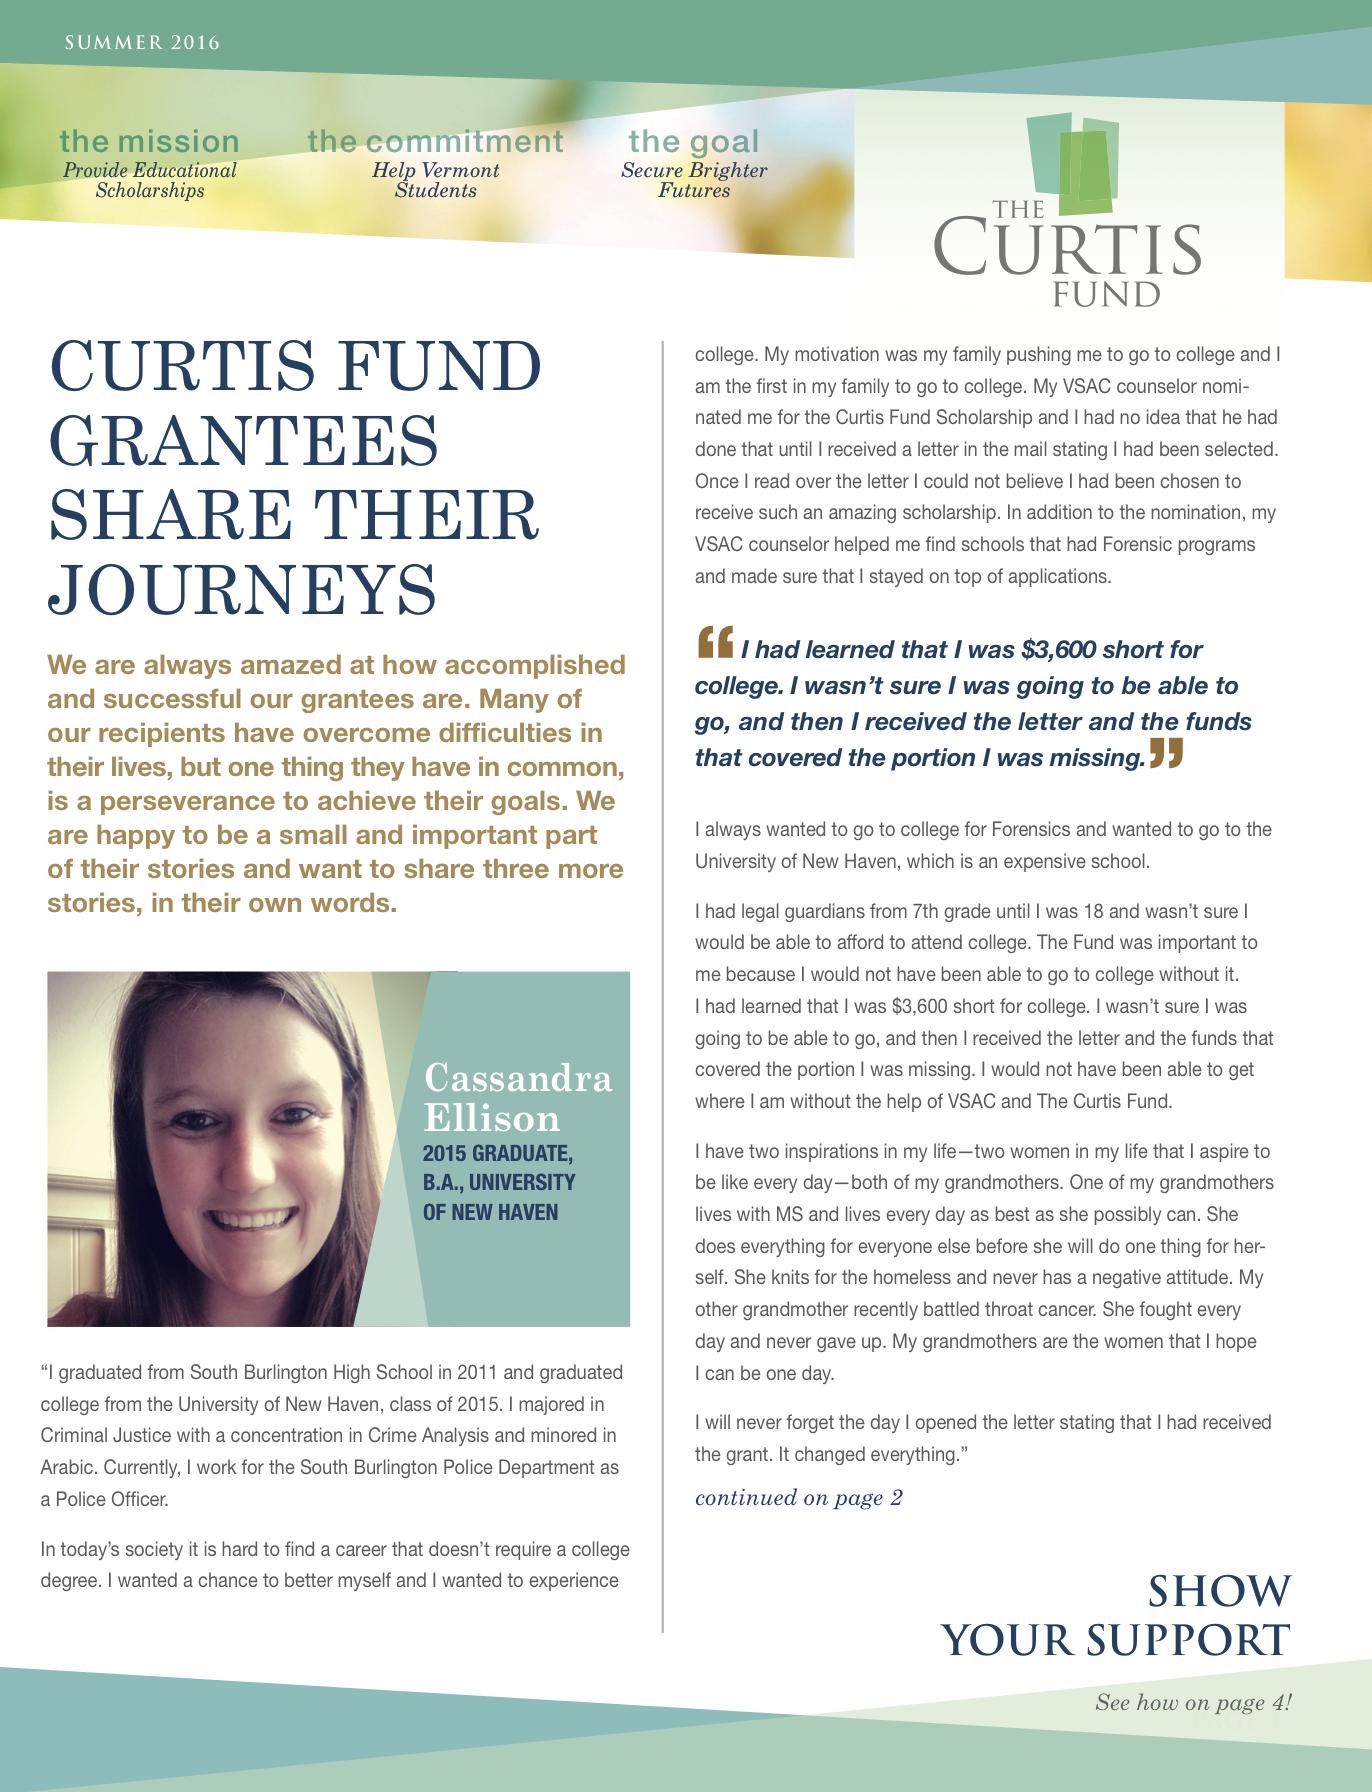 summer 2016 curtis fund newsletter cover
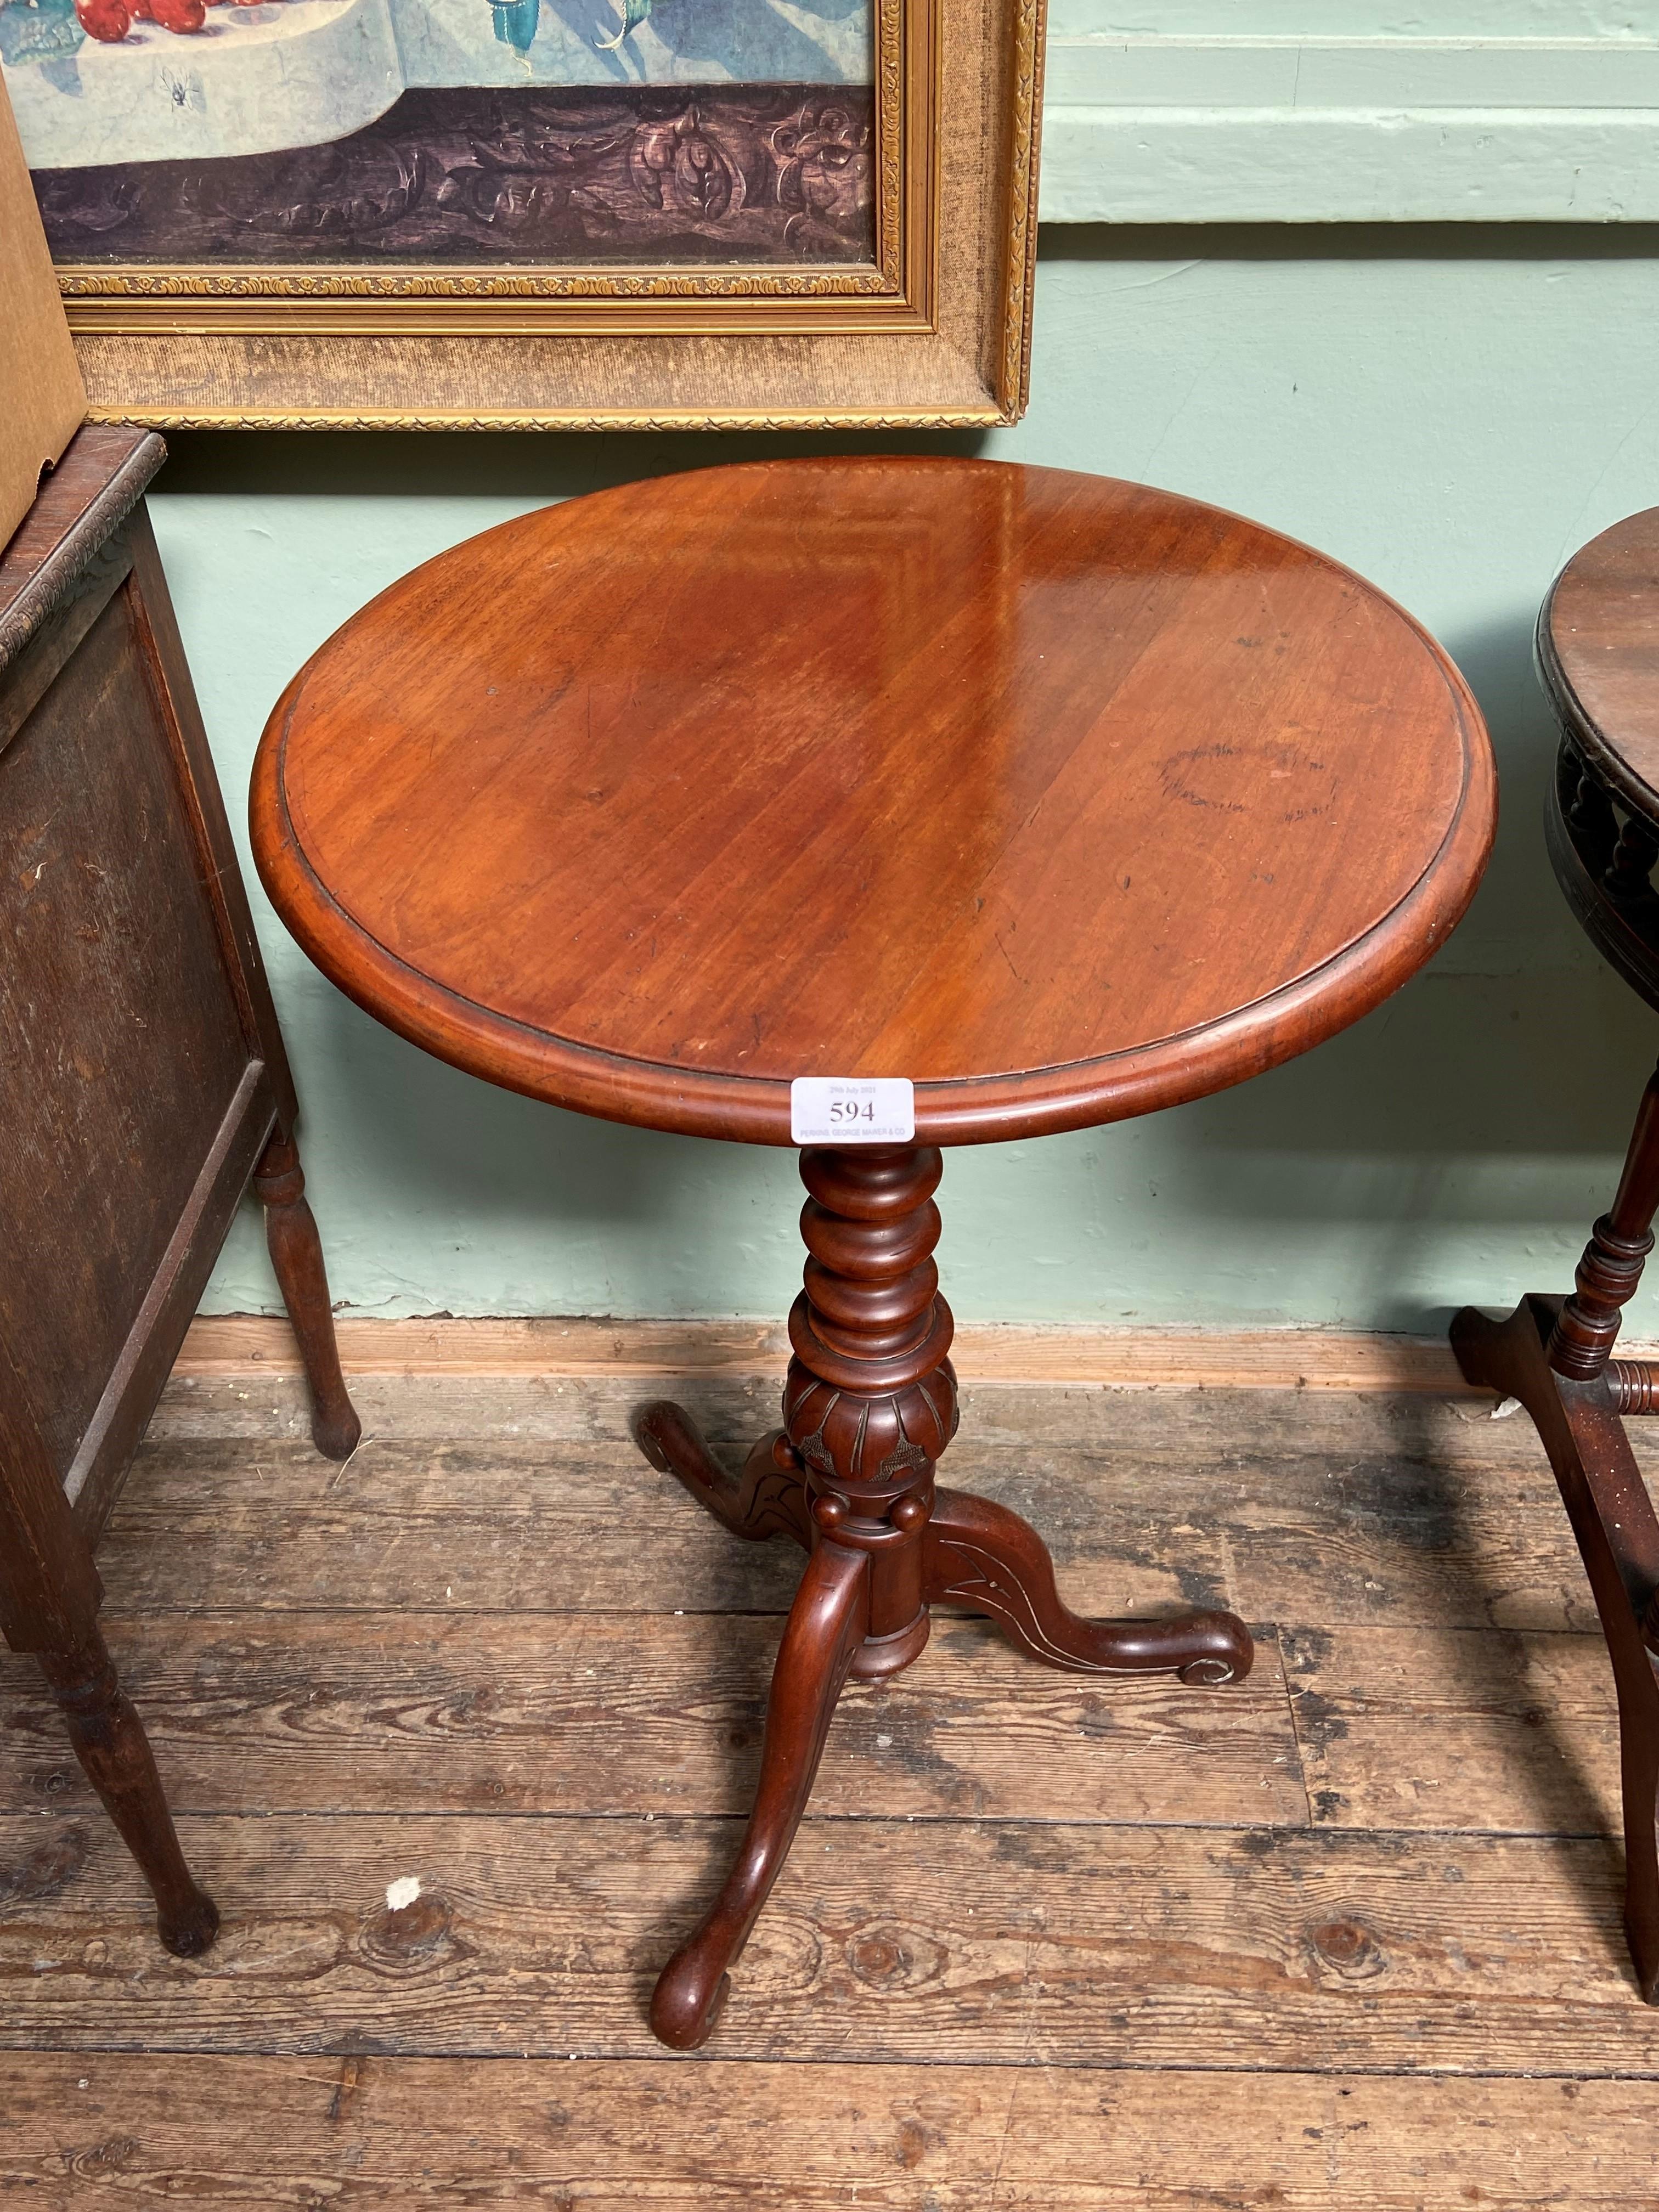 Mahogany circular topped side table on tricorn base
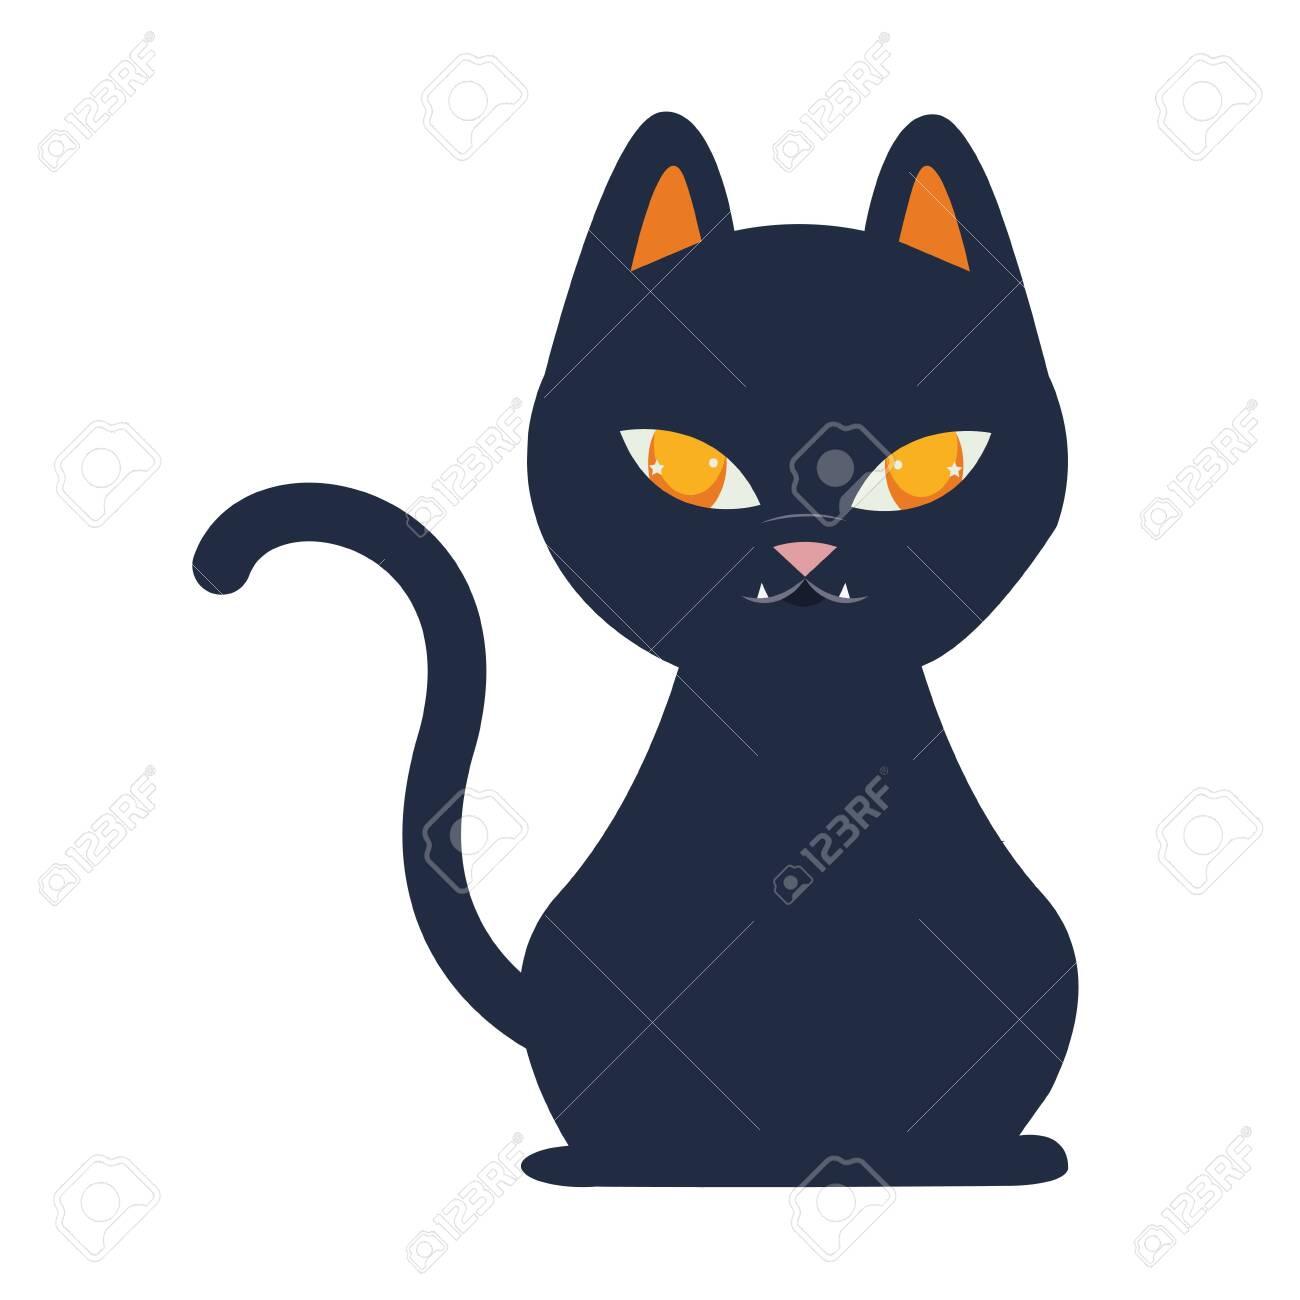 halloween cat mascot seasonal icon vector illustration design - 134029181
###
Print the full listing above exactly. Pictures stay out of the copy.

 summer 2016 curtis fund newsletter cover
 Mahogany circular topped side table on tricorn base
 halloween cat mascot seasonal icon vector illustration design - 134029181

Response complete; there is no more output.